Сильная душевная боль полезна уже тем, что побуждает человека как следует покопаться в себе самом. Ведь чем сильнее удар судьбы, тем глубже мы анализируем и себя, и свои поступки. Вот и я, осмысливая свою жизнь, старался судить себя честно и искренне.
Невозможно было не признать, что причинами моего добровольного ухода в армию стали неуемное бахвальство и глупая влюбленность, а воевать за империю меня побудило всего лишь желание отличиться. Даже если бы мне не удалось показать себя в бою, то, дойдя до Берлина, я все равно купался бы в лучах славы и с гордостью носил бы на своем кивере роскошный плюмаж[98].
Однако в нынешней ситуации уже и речи не могло идти ни о Берлине, ни о плюмаже. Теперь нам предстояла долгая изнурительная битва. Но зато отныне мы будем честно биться и даже если не одержим победу, то по крайней мере спасем честь своей страны. Кроме того, я уже не доброволец, в каком-то смысле предоставленный сам себе, а солдат, призванный на военную службу. Конечно, обстоятельства, в которых я оказался перед уходом в армию, были хуже некуда: я потерял мать, моя возлюбленная бросила меня, мой родной дом сгорел. Зато, когда я забывал о своих личных невзгодах и задумывался о проблемах всей страны, ситуация казалась мне хоть и тяжелой, но не безнадежной. Пруссаки действительно стояли у стен осажденного Парижа, но в Меце у нас оставалась вполне боеспособная армия, значительные силы были сосредоточены в районе Луары, а Гамбетга[99] уже налаживает оборону в провинции.
Я прочитал составленные им прокламации, и мне показалось, что нашелся наконец человек, который может спасти нашу страну. Хотя, по правде говоря, меня сильно обозлили сделанные им в провинции заявления относительно того, что парижане, прорвав блокаду города, выбили немцев из нескольких окрестных деревень. Как выяснилось впоследствии, немцы никогда эти деревни не занимали. Что же касается его разглагольствований о "контракте со смертью"[100], то они вызвали насмешки всех порядочных людей, не привыкших к подобной болтовне. Честно говоря, мне стало стыдно, когда я прочитал такие слова Гамбетга, написанные им на полном серьезе: "…наши снаряды неслись с яростью, граничащей с умопомрачением". Тем не менее я пытался сохранить остатки доверия к этому человеку и убеждал сам себя, что допущенные им оплошности не столь существенны и, скорее всего, не скажутся на его репутации. В конце концов, одно было совершенно бесспорно: из-за неразберихи, создавшейся по вине двух погрязших в бездействии стариков[101], мы действительно потеряли много драгоценного времени, однако Гамбетта все-таки добрался до Тура и в обстановке всеобщего отчаяния и хаоса наладил необходимую работу, благодаря которой у нас появился шанс на спасение. Оставалось лишь прислушиваться к словам министра и выполнять его требования. Голос Гамбетта теперь воспринимался французами, как сигнал к атаке. Сам по себе сигнал не так важен, зато атака решает все. А значит, вперед, в атаку!
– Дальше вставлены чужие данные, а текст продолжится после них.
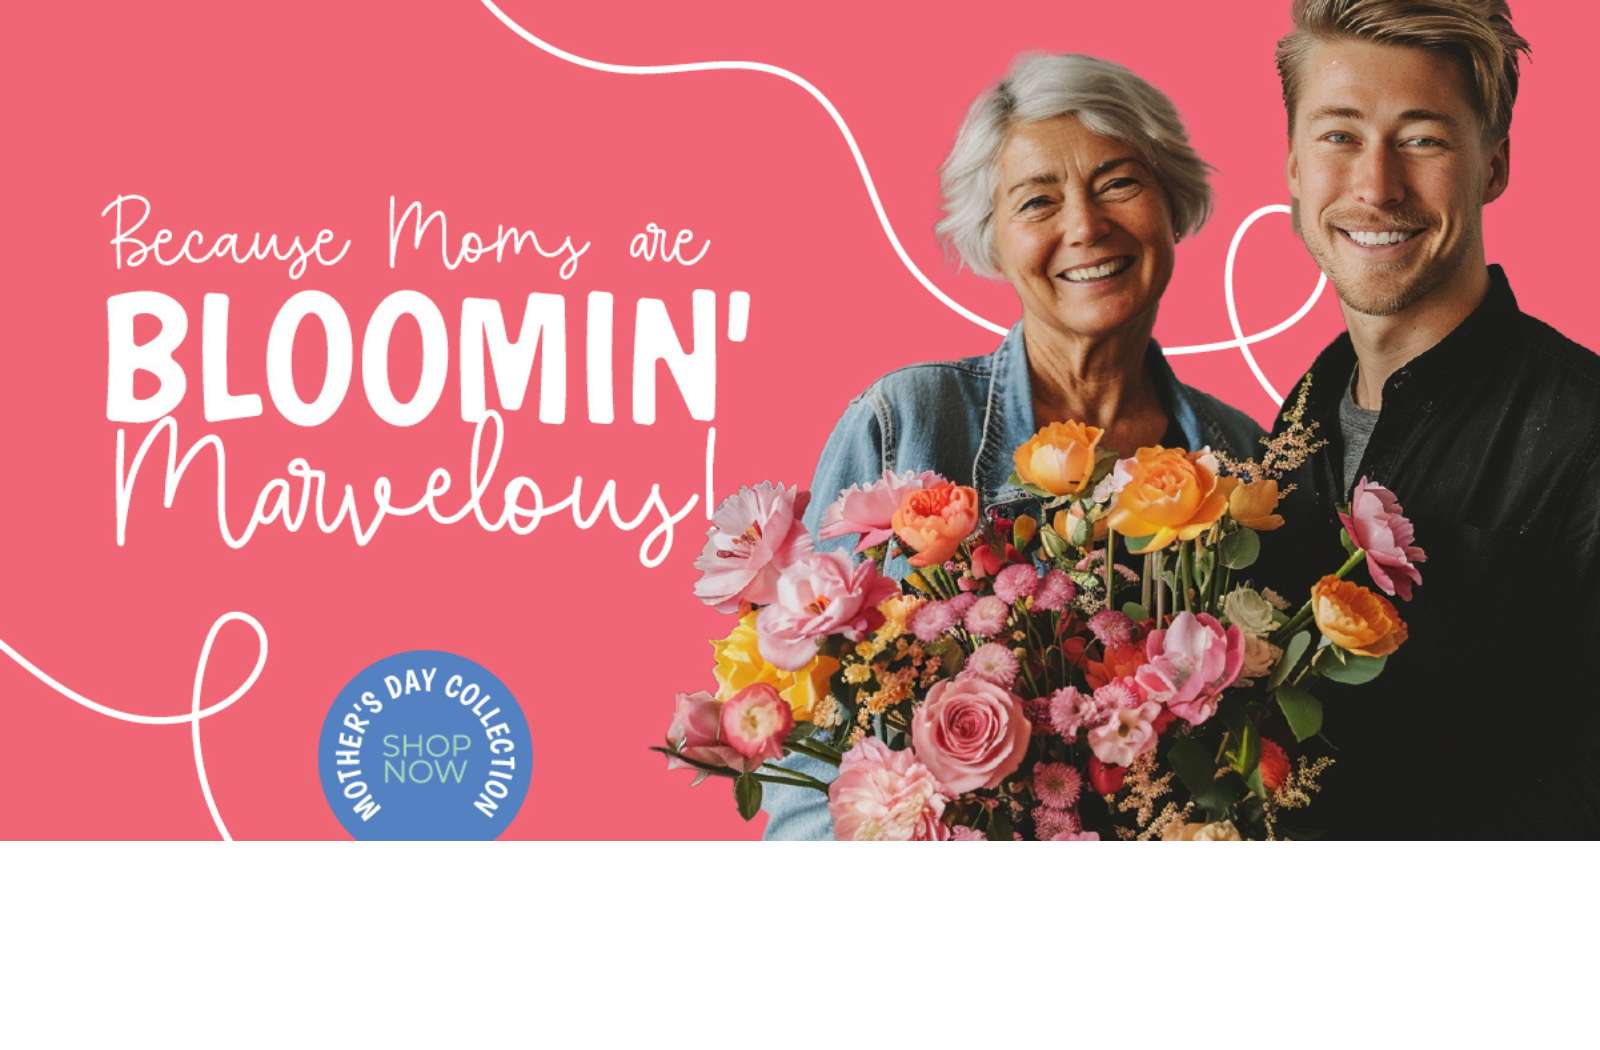 Cheerful elderly mother with silver hair and her son smiling broadly, holding a delightful bouquet of multi-coloured roses and spring flowers, celebrating the Mother's Day Collection at Fabulous Flowers and Gifts.

Теперь это слово было у всех на устах. Мы покончили с нерешительностью и колебаниями, проявленными в ходе сражений в Перше и Ла-Босе, и сейчас, когда поезд шел вдоль берега Гаронны, мне казалось, что пруссаки еще не скоро доберутся до Тулузы.
Тем временем в Париже люди были недовольны бездействием провинции. "Почему они не хотят протянуть нам руку помощи?" — возмущались жители осажденного города. Провинциалы же были недовольны инертностью парижан. "Разве парижане нуждаются в нашей помощи?" — удивлялись жители южных провинций.
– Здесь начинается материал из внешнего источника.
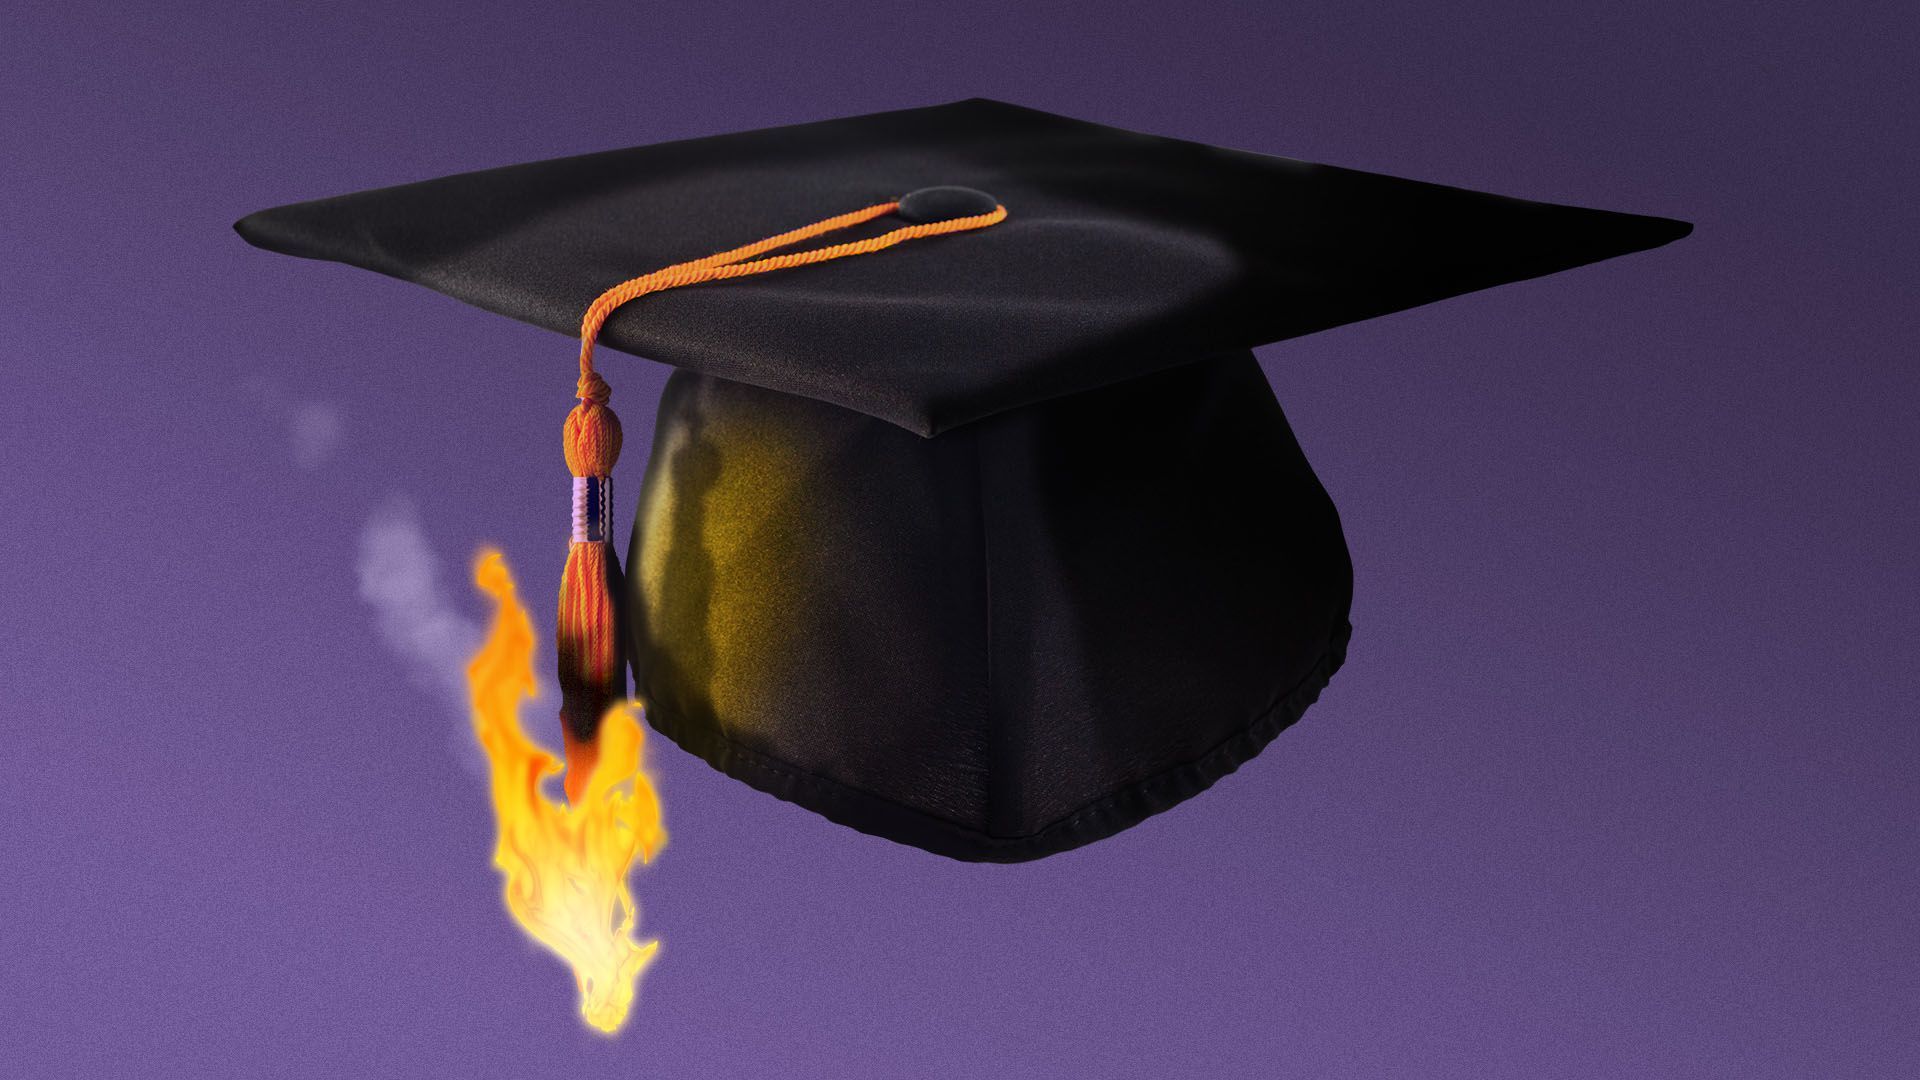 Illustration of a graduation cap with the tassel on fire

После того как мы проехали Тулузу, на одной из остановок в моем купе появился весьма странный господин.
Гамбетта
Он ворвался, словно бомба, и с первой секунды стал совершать какие-то беспорядочные действия. Я еще подумал, что даже выскочившая из воды собака ведет себя спокойнее, чем мой новый сосед. Подсевший ко мне пассажир периодически начинал ходить из стороны в сторону, потом внезапно садился и клал ноги на соседнее сидение, натягивал на голову шляпу, затем снимал ее, нервно наматывал на палец прядь курчавых волос, потом взъерошивал волосы, затягивал на шее розовый галстук и тут же ослаблял его. За все время пути мой попутчик ни секунды не оставался в покое. Увидев, что я внимательно читаю газеты, он набросился на меня:
— Вы, я смотрю, пытаетесь найти что-то новенькое? Так я вам скажу, что вы ничего не найдете. И не пытайтесь. Это я вам говорю и могу еще много раз повторить то же самое. У них там в Париже сорок семь тысяч национальных гвардейцев и еще сто тысяч служащих мобильной охраны[102] и шестьдесят тысяч солдат, а пруссаков вокруг Парижа не больше двухсот тысяч, и при этом они даже не шевелятся! Ну и шутники эти парижане! И они еще требуют помощи от провинции! Но если у вас, как вы утверждаете, столько сил, то, значит, это вы должны прийти на помощь провинции, а не наоборот. Вы меня понимаете?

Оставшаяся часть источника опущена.